:: Task objective ::
In the listing below, find the line with "- French Music" and the line with "Karl Lagerfeld Jeans high-rise", then return them and every line between them exactly, minus the pictures.

*** Dataset ***

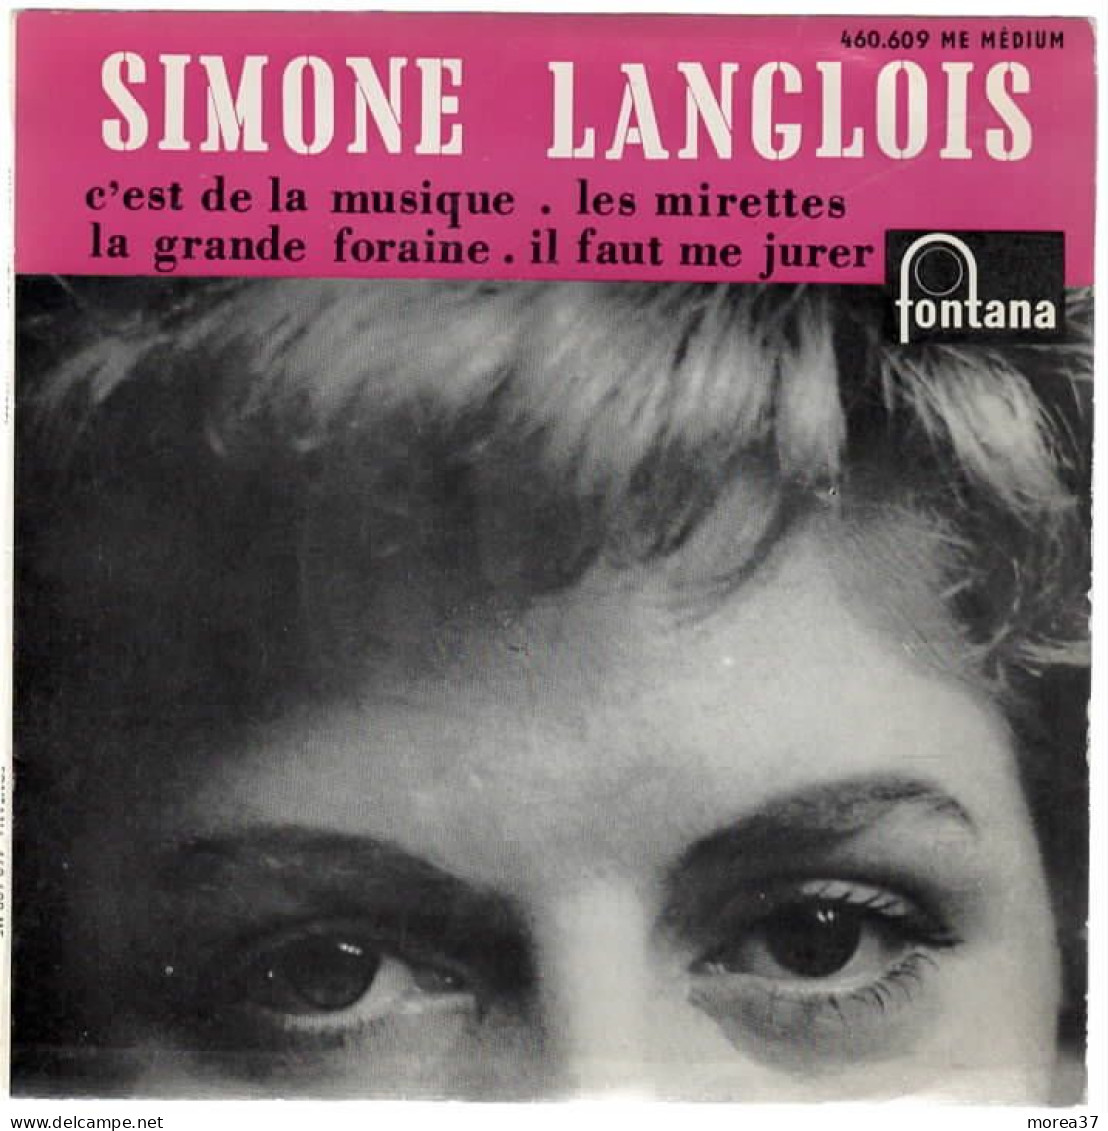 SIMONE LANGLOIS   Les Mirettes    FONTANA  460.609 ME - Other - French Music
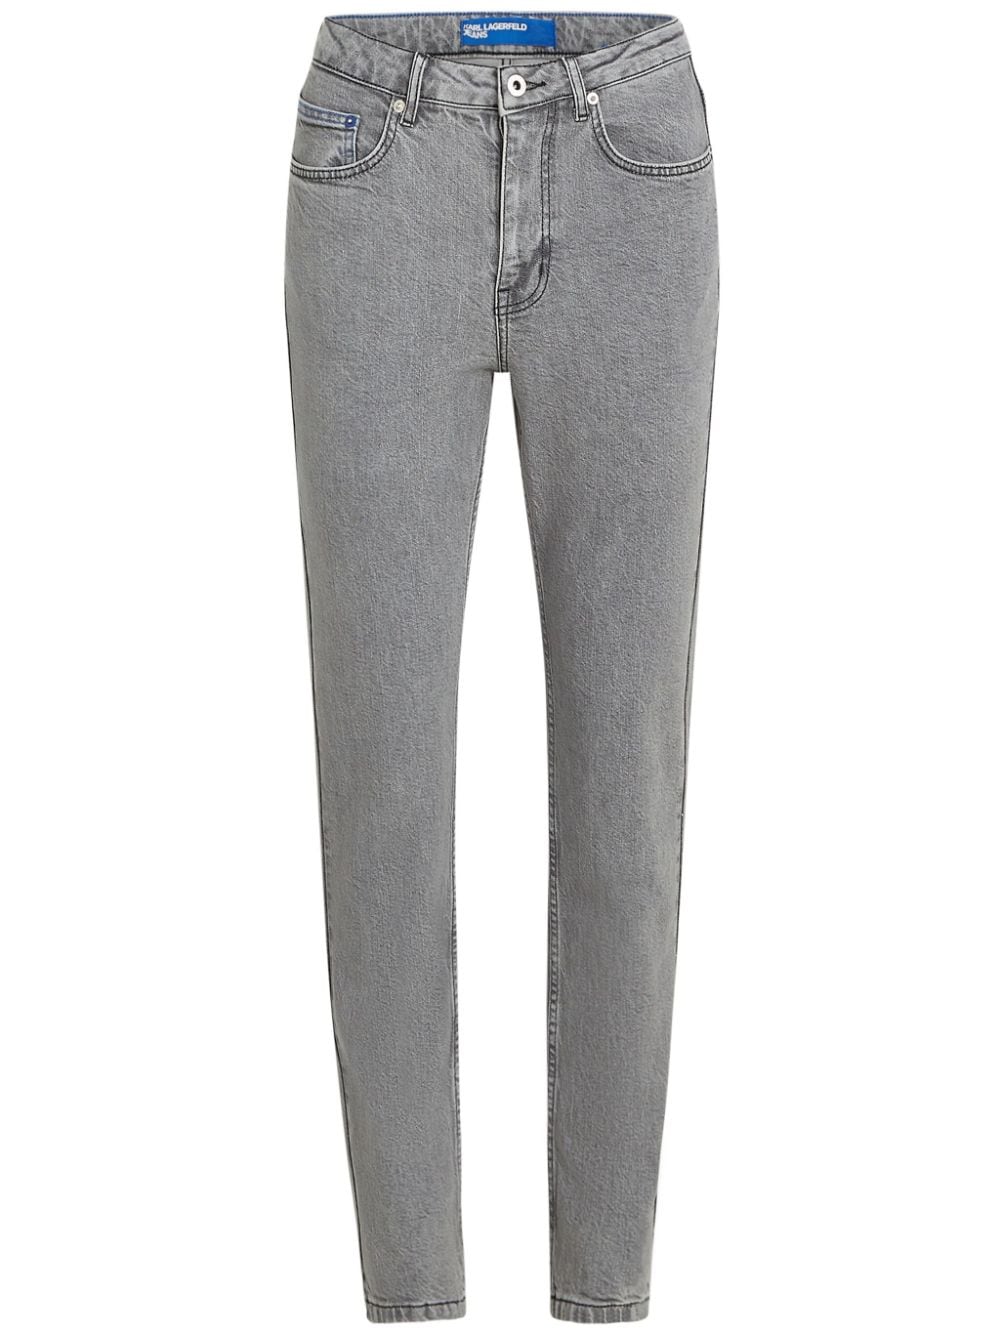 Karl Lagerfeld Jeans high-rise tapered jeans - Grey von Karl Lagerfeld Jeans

*** End of Dataset ***
*** Dataset ***

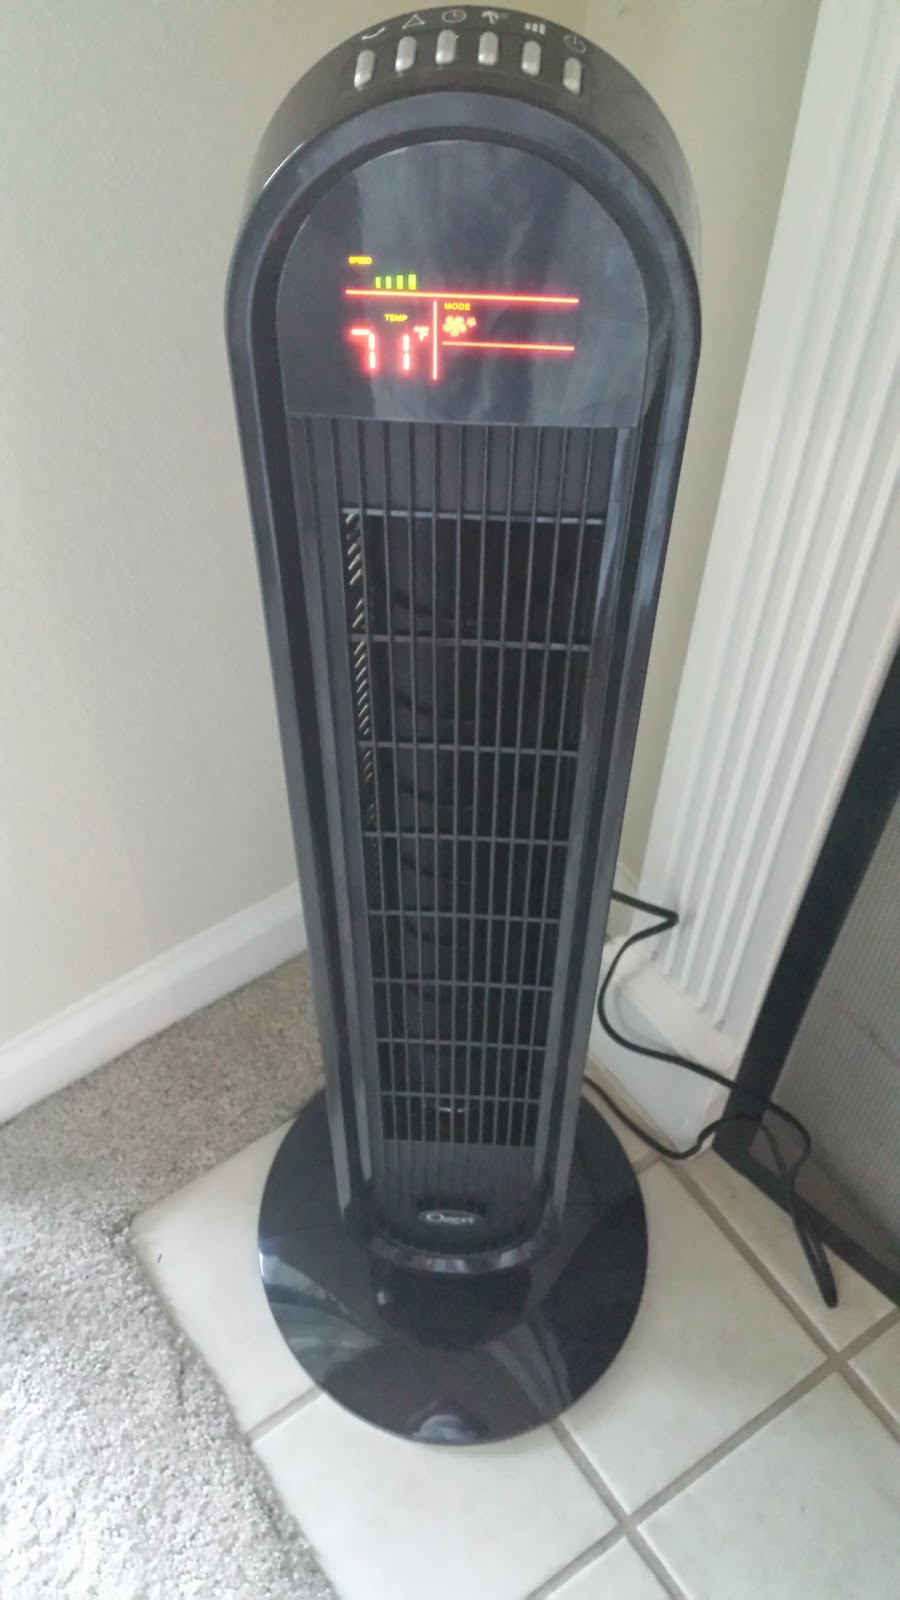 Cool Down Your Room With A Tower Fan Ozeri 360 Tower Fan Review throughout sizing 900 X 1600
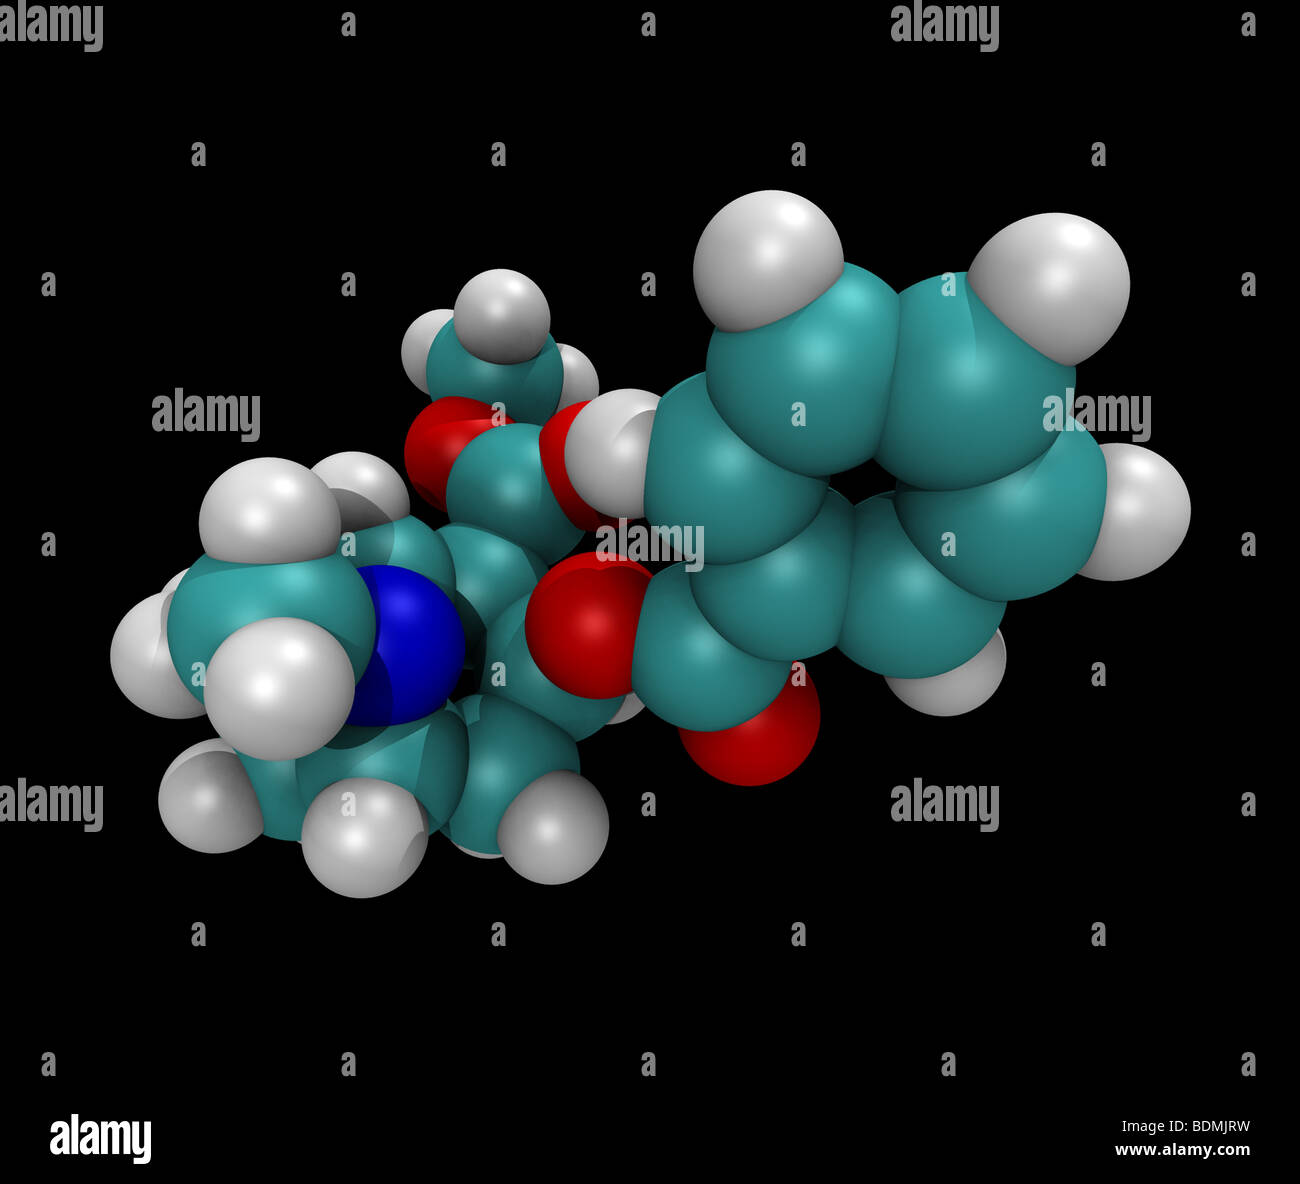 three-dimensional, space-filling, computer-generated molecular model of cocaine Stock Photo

*** End of Dataset ***

:: Finished task ::
 SIMONE LANGLOIS   Les Mirettes    FONTANA  460.609 ME - Other - French Music
 Karl Lagerfeld Jeans high-rise tapered jeans - Grey von Karl Lagerfeld Jeans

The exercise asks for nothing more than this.